• _TASK GOAL_
Down to the last line below, write out every line exactly, starting with the one that contains "120W UV Lamp" and leaving out the pictures.

• _DATA SHOWN_
_ _ _ _

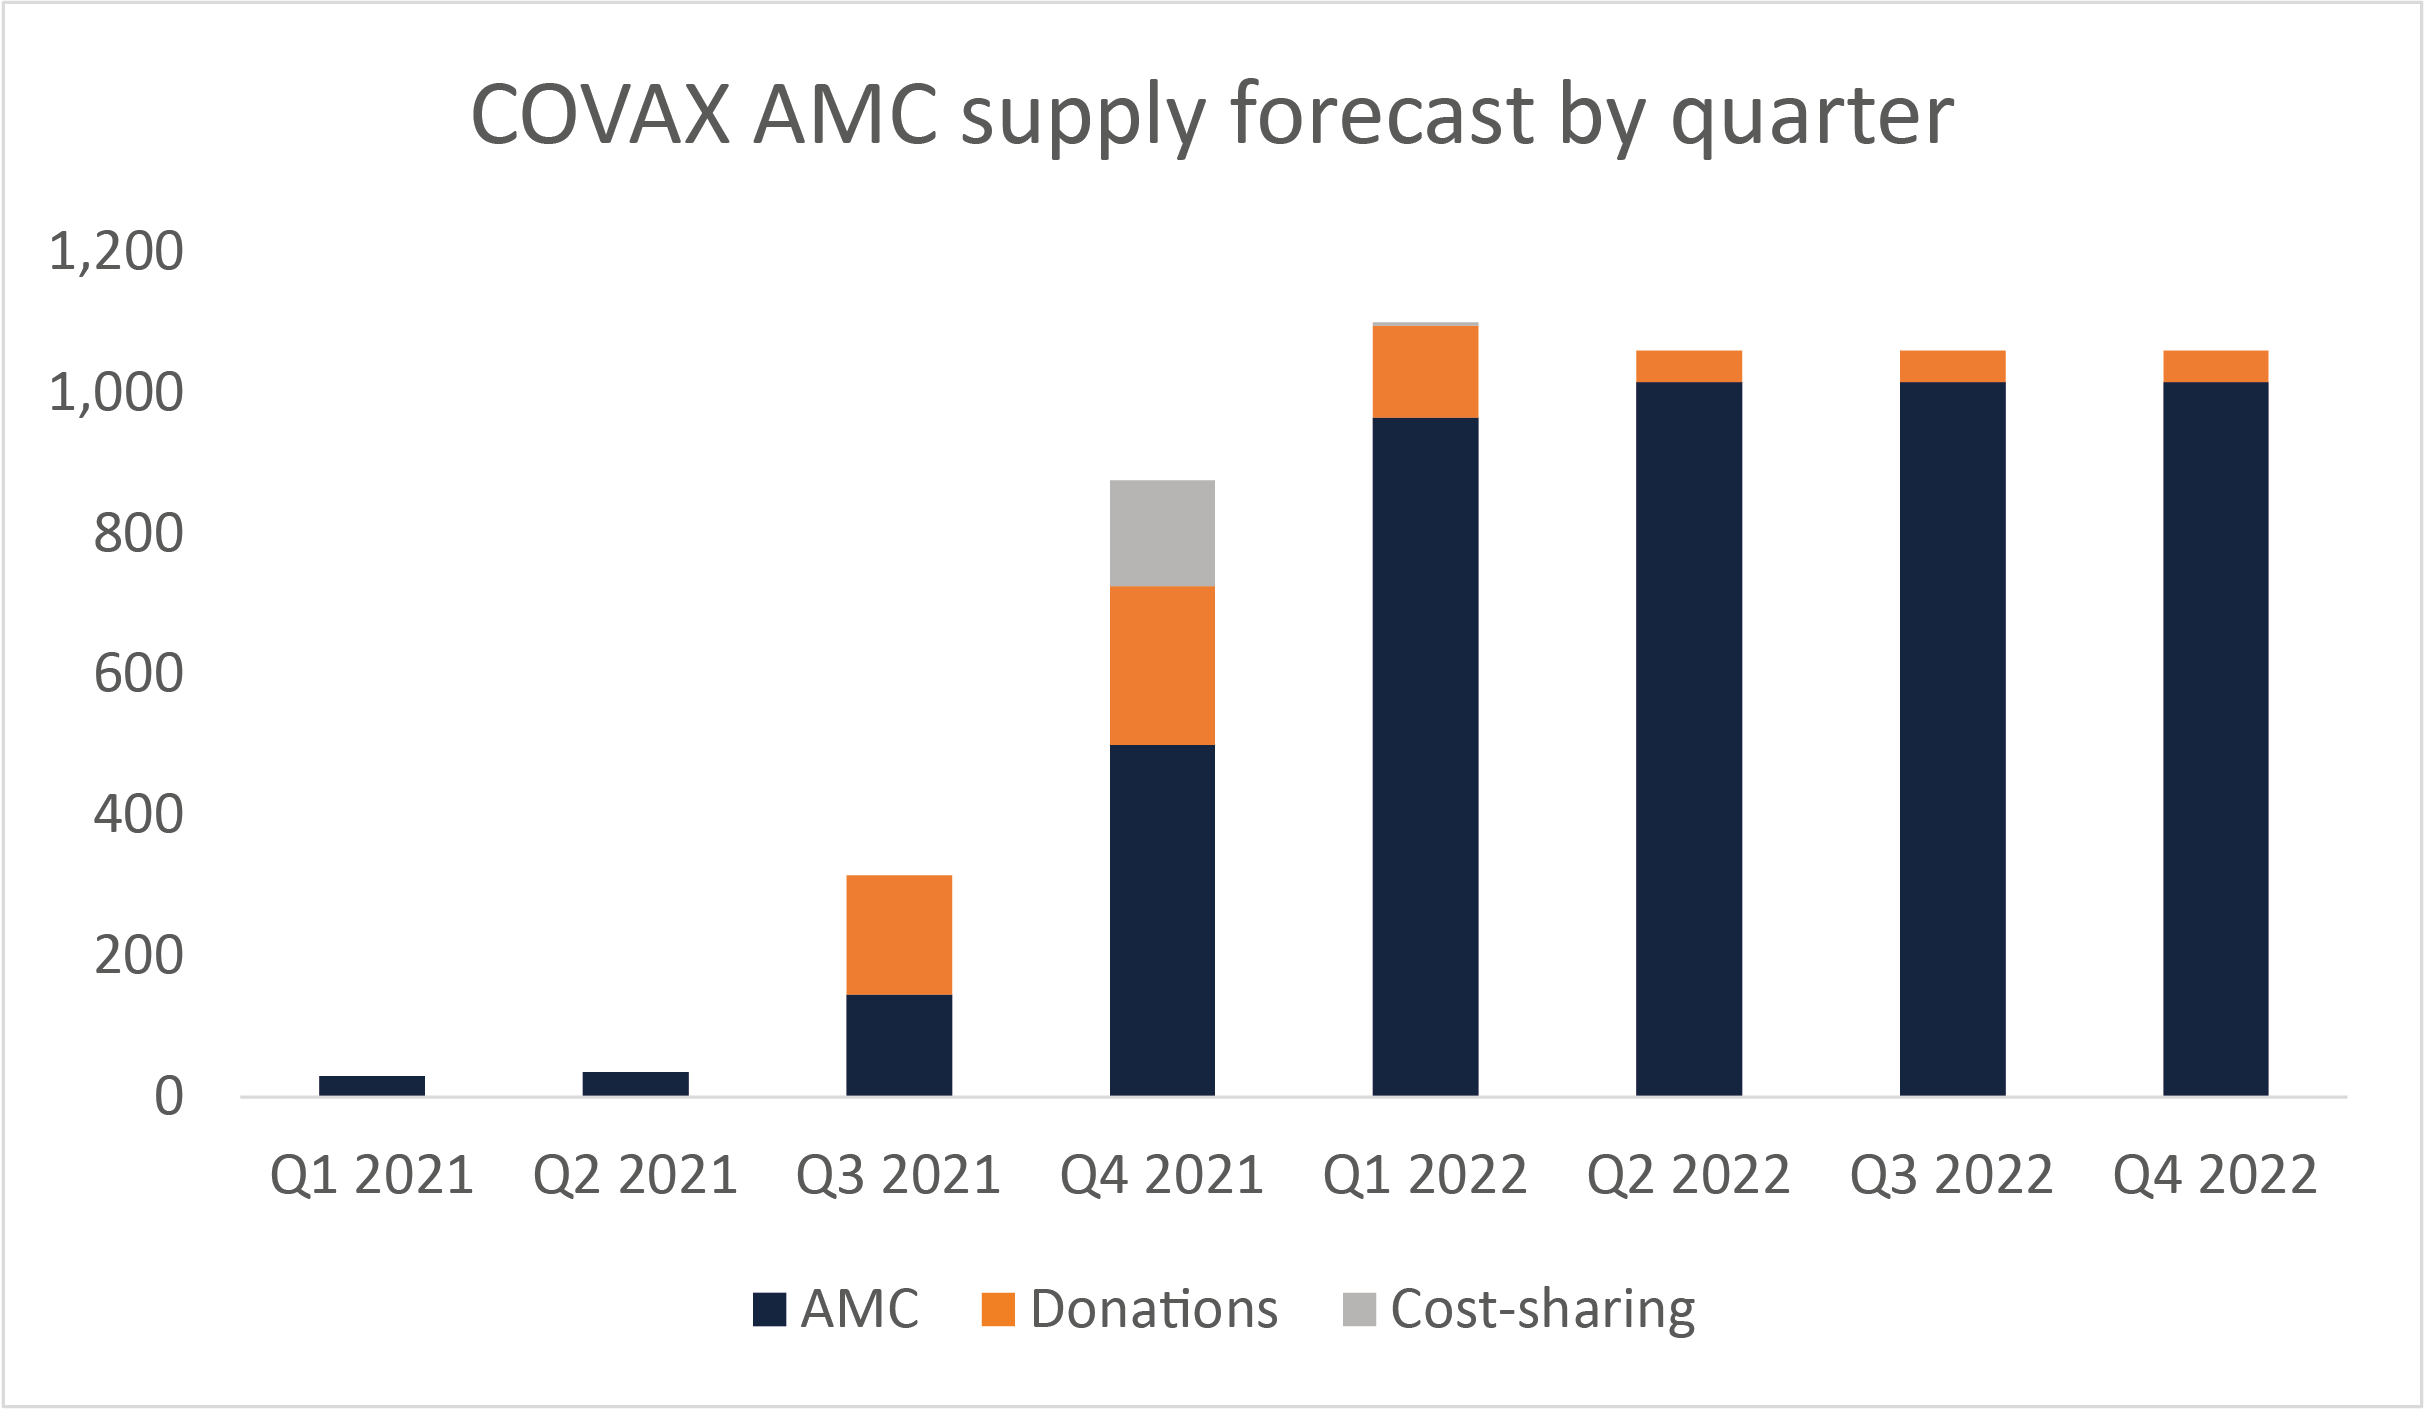 COVAX AMC supply forecast by quarter
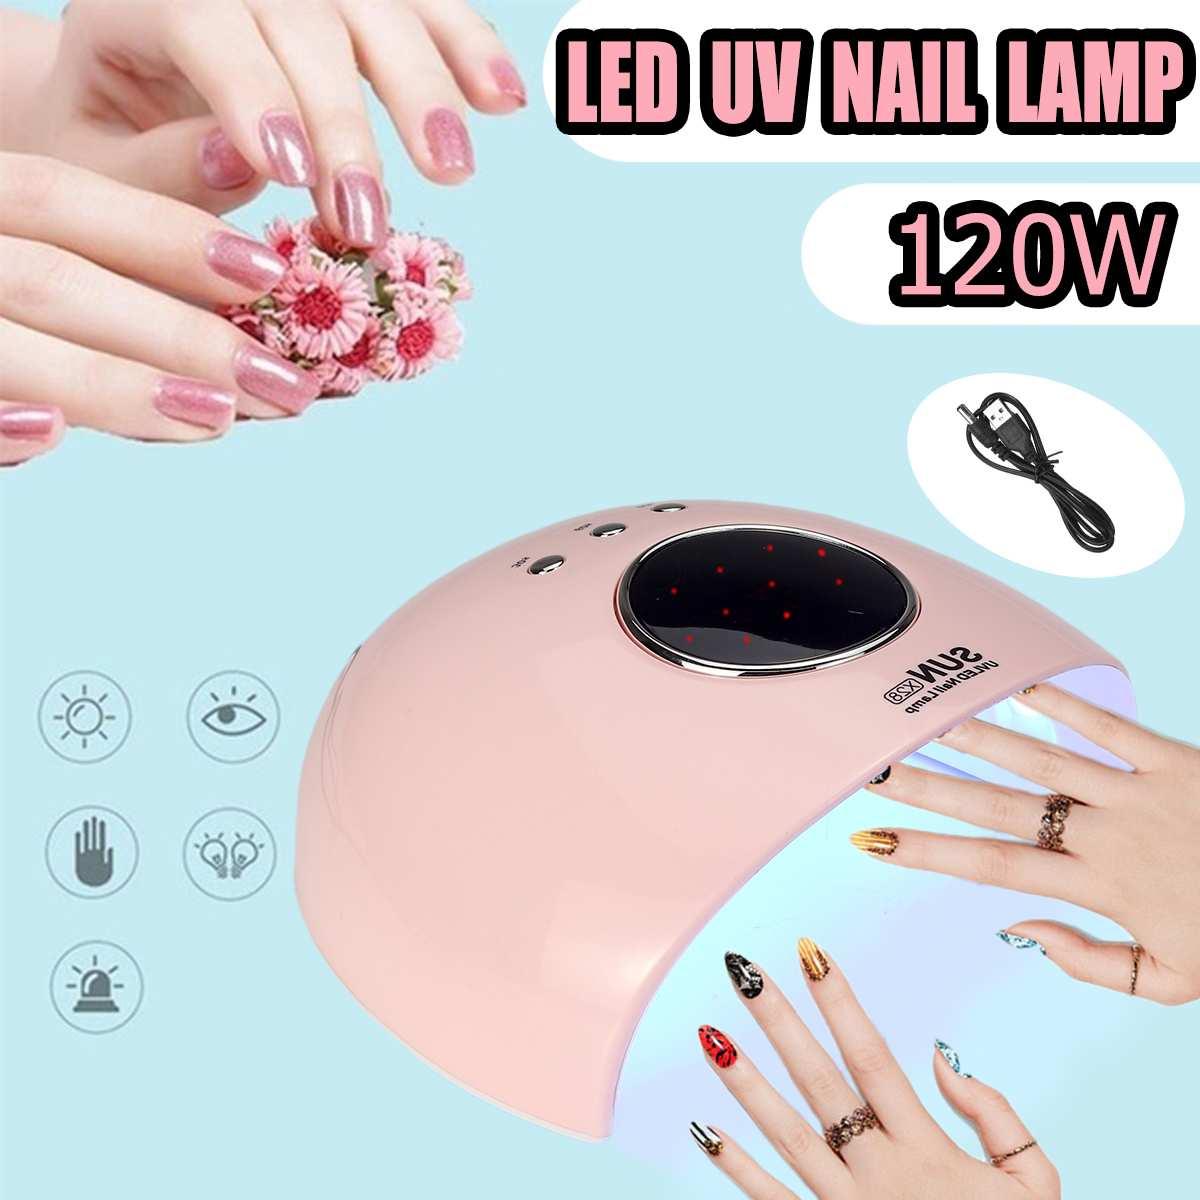 120W UV Lamp Led Nail Lamp Gel Nail Polish Curings Light Machine Nail Manicure Art LED Nail Dryer with Sensor USB Charge Nail
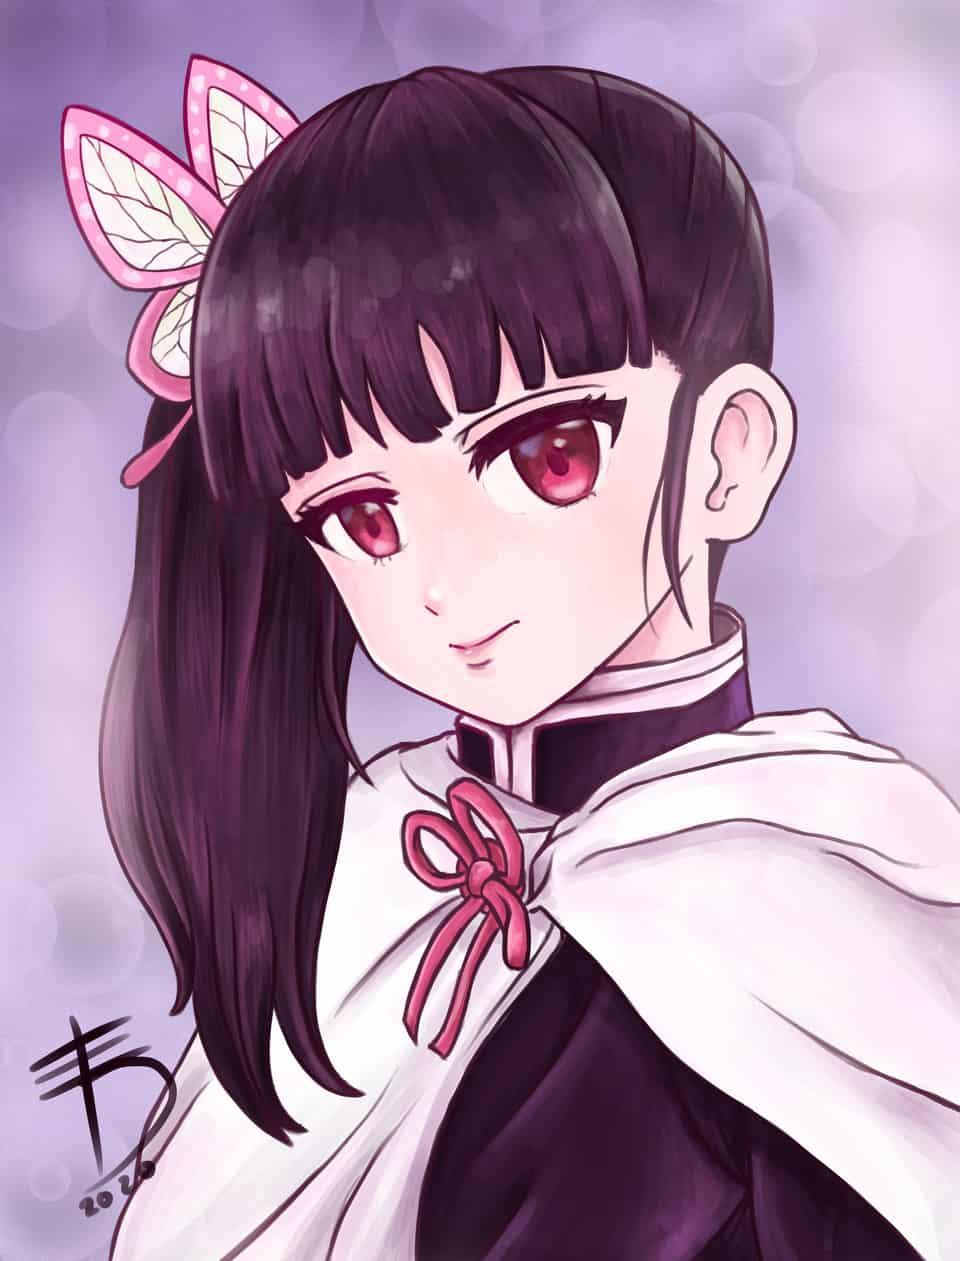 Kanao Tsuyuri 🦋 Illust of Derwelt DemonSlayerFanartContest original TsuyuriKanao anime eyes medibang cute character KimetsunoYaiba kawaii medibangpaint
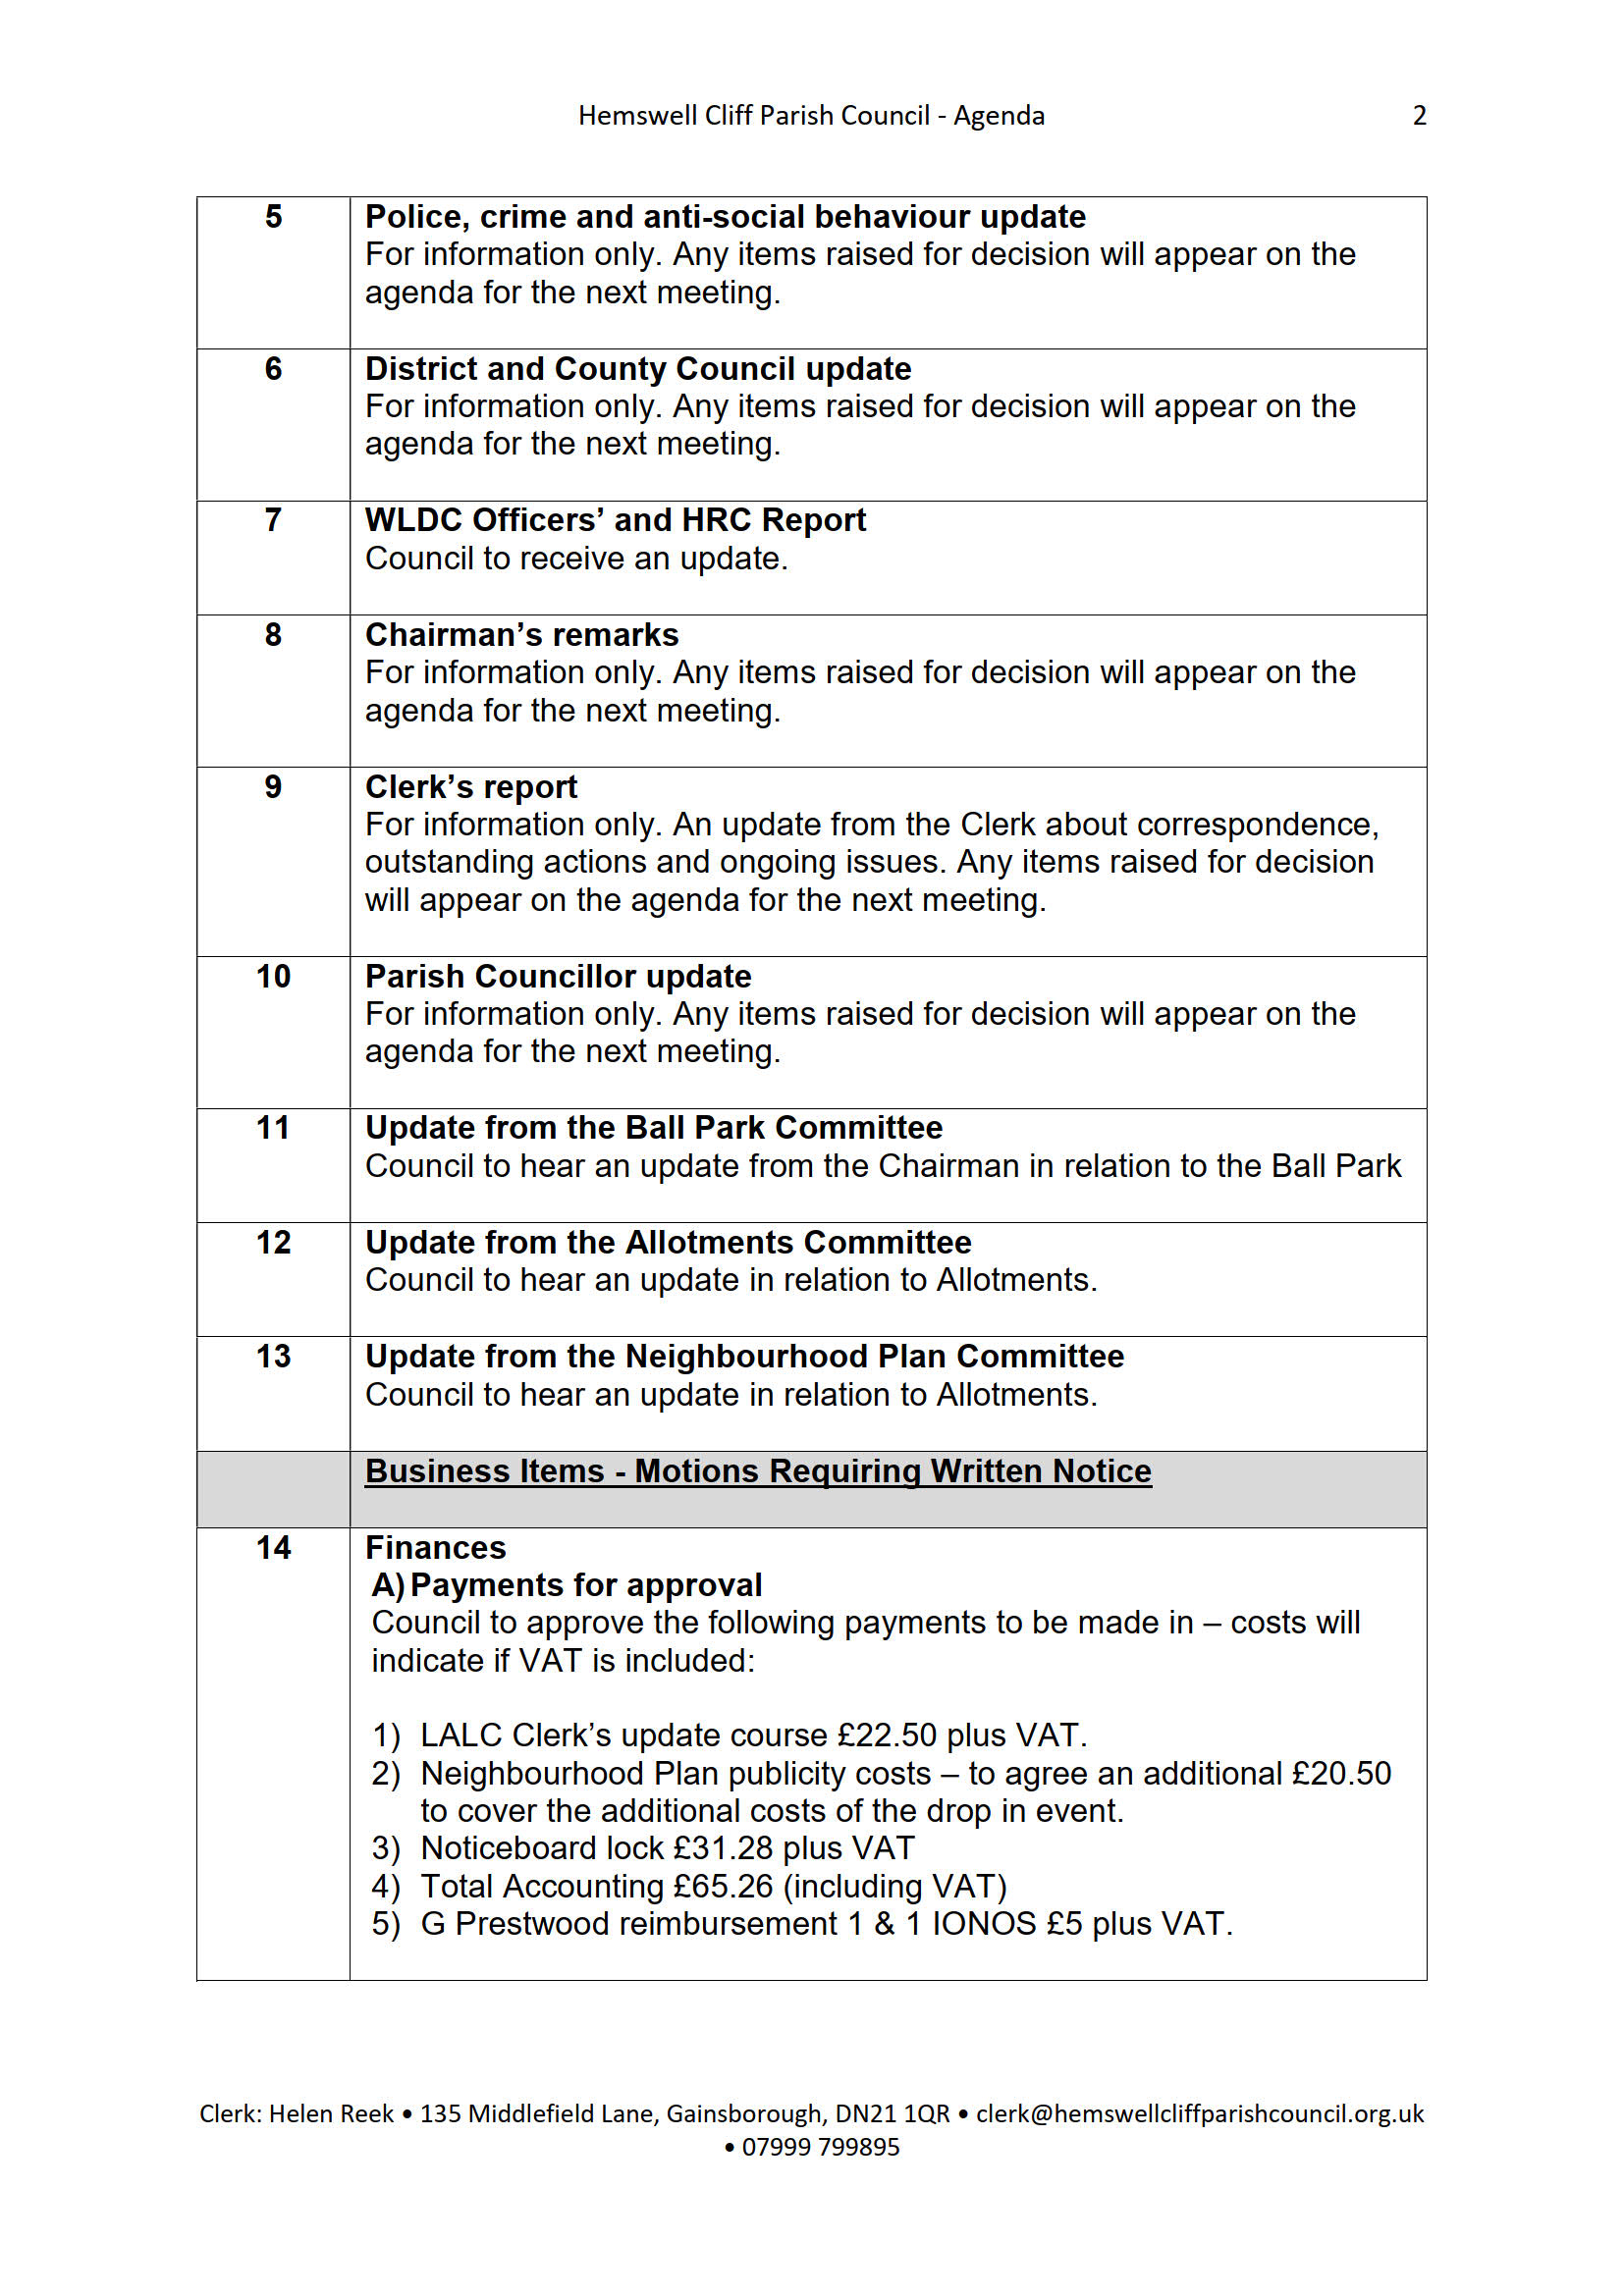 HCPC_Agenda_06.09.21_2.jpg

_ _ _ _

• _YOUR SOLUTION_
 120W UV Lamp Led Nail Lamp Gel Nail Polish Curings Light Machine Nail Manicure Art LED Nail Dryer with Sensor USB Charge Nail
 Kanao Tsuyuri 🦋 Illust of Derwelt DemonSlayerFanartContest original TsuyuriKanao anime eyes medibang cute character KimetsunoYaiba kawaii medibangpaint
 HCPC_Agenda_06.09.21_2.jpg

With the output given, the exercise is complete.